Fermilab and the LHC

photo

For more than two decades, Fermilab and its scientists have played a significant role in the Large Hadron Collider, particularly in the CMS experiment. Fermilab provides scientific, technical and organizational support for the hundreds of scientists and graduate students from 51 U.S. universities and laboratories that participate in the 2,900-member international CMS collaboration.

The LHC is the largest and the highest-energy particle accelerator in the world. It steers beams of particles on a collision course around a 17-mile ring located 300 feet underground and straddling the border of Switzerland and France. The beams collide at four designated collision points where experiments with multipurpose particle detectors register the collision products. Experiments at the LHC seek a greater understanding of nature by searching for new phenomena and particles and by investigating the properties of the particles and forces we know

Scientists working on the CMS experiment, together with scientists from the ATLAS experiment, announced the discovery of the Higgs boson in 2012. This discovery led to the 2013 Nobel Prize for physics being awarded to two theorists who had predicted the existence of the Higgs boson. Future discoveries might revolutionize our understanding of the universe.

When accelerated particles collide in the LHC, their kinetic energy can be converted into mass, meaning heavy particles that did not exist before the collisions can be created. Scientists can study these particles through their subsequent decays into lighter particles, which may decay into even lighter particles. All of this takes place in a split second, but CMS records data that allow scientists to piece together what happened. The LHC collides hundreds of millions of particles per second. Researchers create software that selects only the most interesting collisions, and they use those collisions to pick out difficult-to-uncover particles and phenomena. Scientists expect that some of these collisions may produce particles of dark matter or those predicted by theories beyond the Standard Model such as supersymmetry and extra dimensions.

Fermilab participated in the construction of the LHC accelerator and the CMS detector, contributing critical components such as the powerful magnets that focus beams into collision and many segments of the complex, 13,000-ton CMS detector. Fermilab scientists and engineers, in close collaboration with other U.S. research groups, are also actively building components for and conducting R&D towards future LHC accelerator and detector upgrades.

Fermilab hosts one of 11 Tier-1 computing centers that process data for the CMS experiment and support the research activities of scientists across the country and around the world.

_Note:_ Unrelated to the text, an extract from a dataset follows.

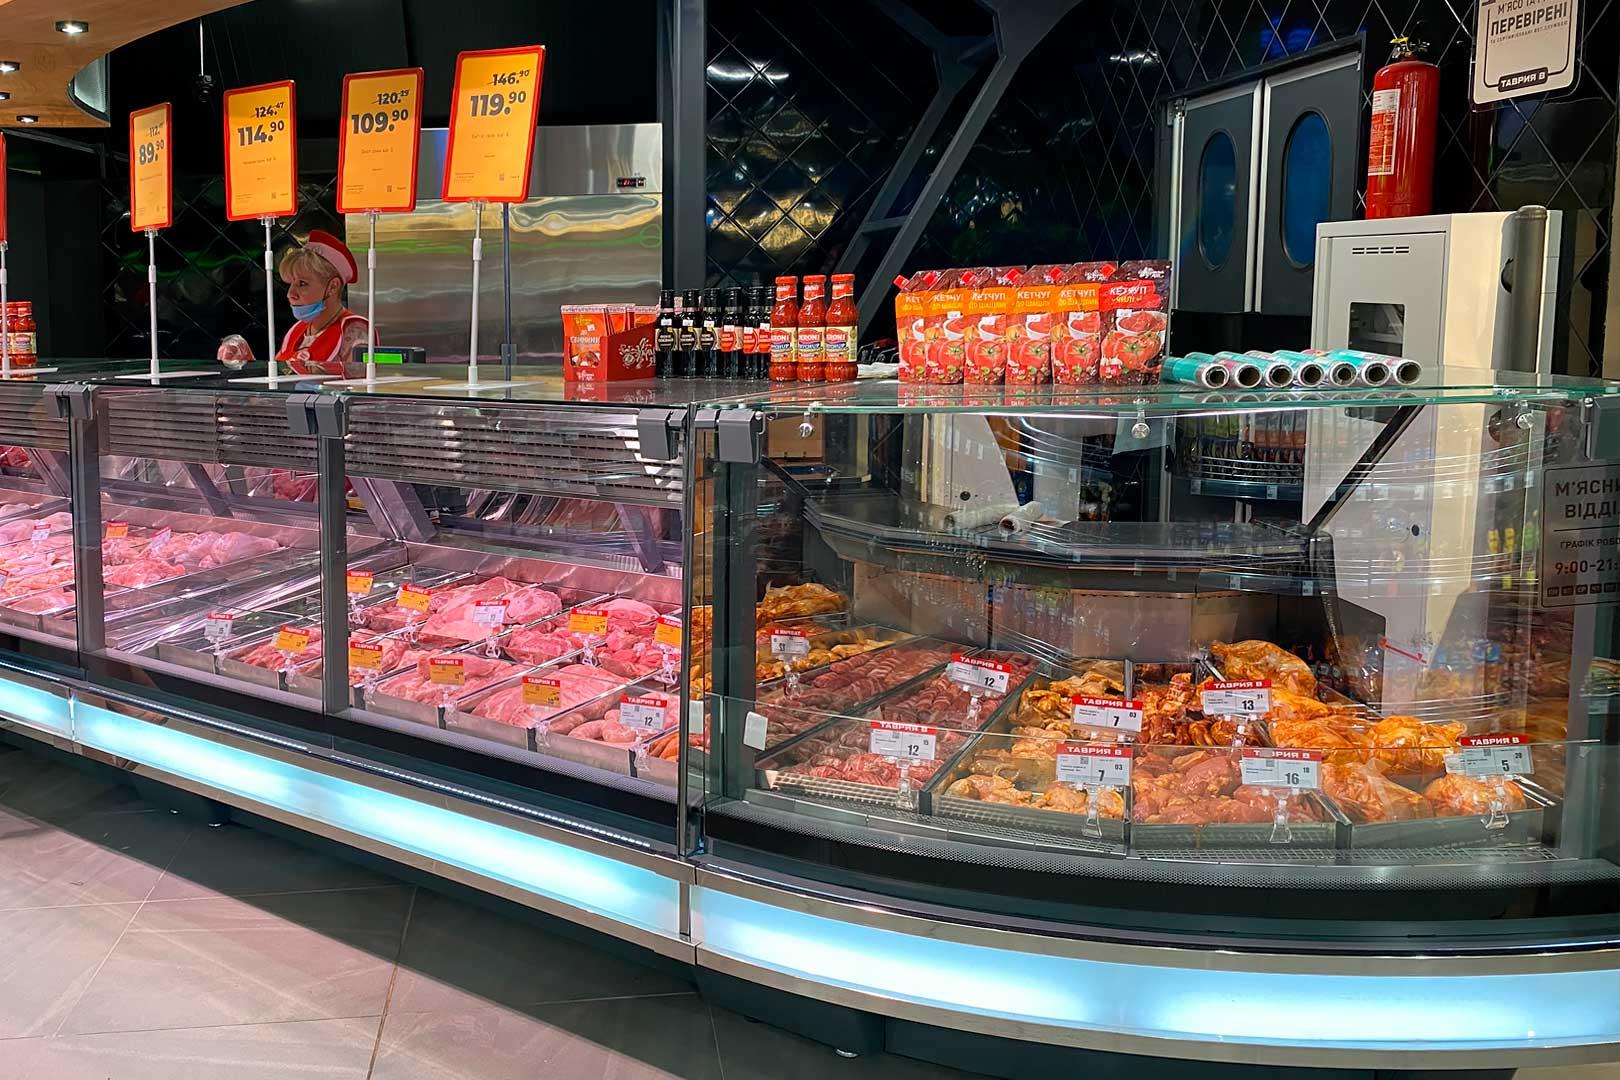 Спеціалізовані вітрини для продажу м'яса Missouri cold diamond MC 115 meat PS 121-SLM, кутові елементи Missouri cold diamond MC 115 deli PS 121-DLM-ER45

It also hosts a Remote Operations Center, where more than 100 scientists conduct thousands of hours of remote shifts for the CMS experiment each year, and the LHC Physics Center, a hub for CMS physics in the United States.

CMS

thumb

CMS is one of the two general-purpose experiments at the Large Hadron Collider at the European physics laboratory CERN. Its name stands for "Compact Muon Solenoid." The CMS detector investigates the results of particle collisions in search of new insights into the building blocks of the universe.


LHC Physics Center

thumb

The LHC Physics Center is a central location for physicists to participate in LHC research in the United States. It serves as a resource and analysis hub for the nearly 900 physicists and graduate students from 51 U.S. universities and laboratories that participate in the CMS experimental collaboration.


LHC Remote Operations Center

thumb

The LHC Remote Operations Center supports the operations of the CMS detector located 4,000 miles away in Cessy, France. The ROC allows US physicists and students to take detector monitoring shifts during US daytime hours, lessening the burden on CERN-based scientists to serve night shifts and helping US personnel fulfill their operational responsibilities in the CMS collaboration from an on-shore location.


Computing for colliders

thumb

Fermilab provides state of the art computing, networking, and storage solutions to support the incredible data transfer, processing, and archiving required by CMS. Fermilab Computing has built and operates the largest CMS Tier-1 computing center in the world. It is essential to the CMS experiment and provides analysis capabilities to the LHC Physics Center at Fermilab and U.S. universities involved in the experiment.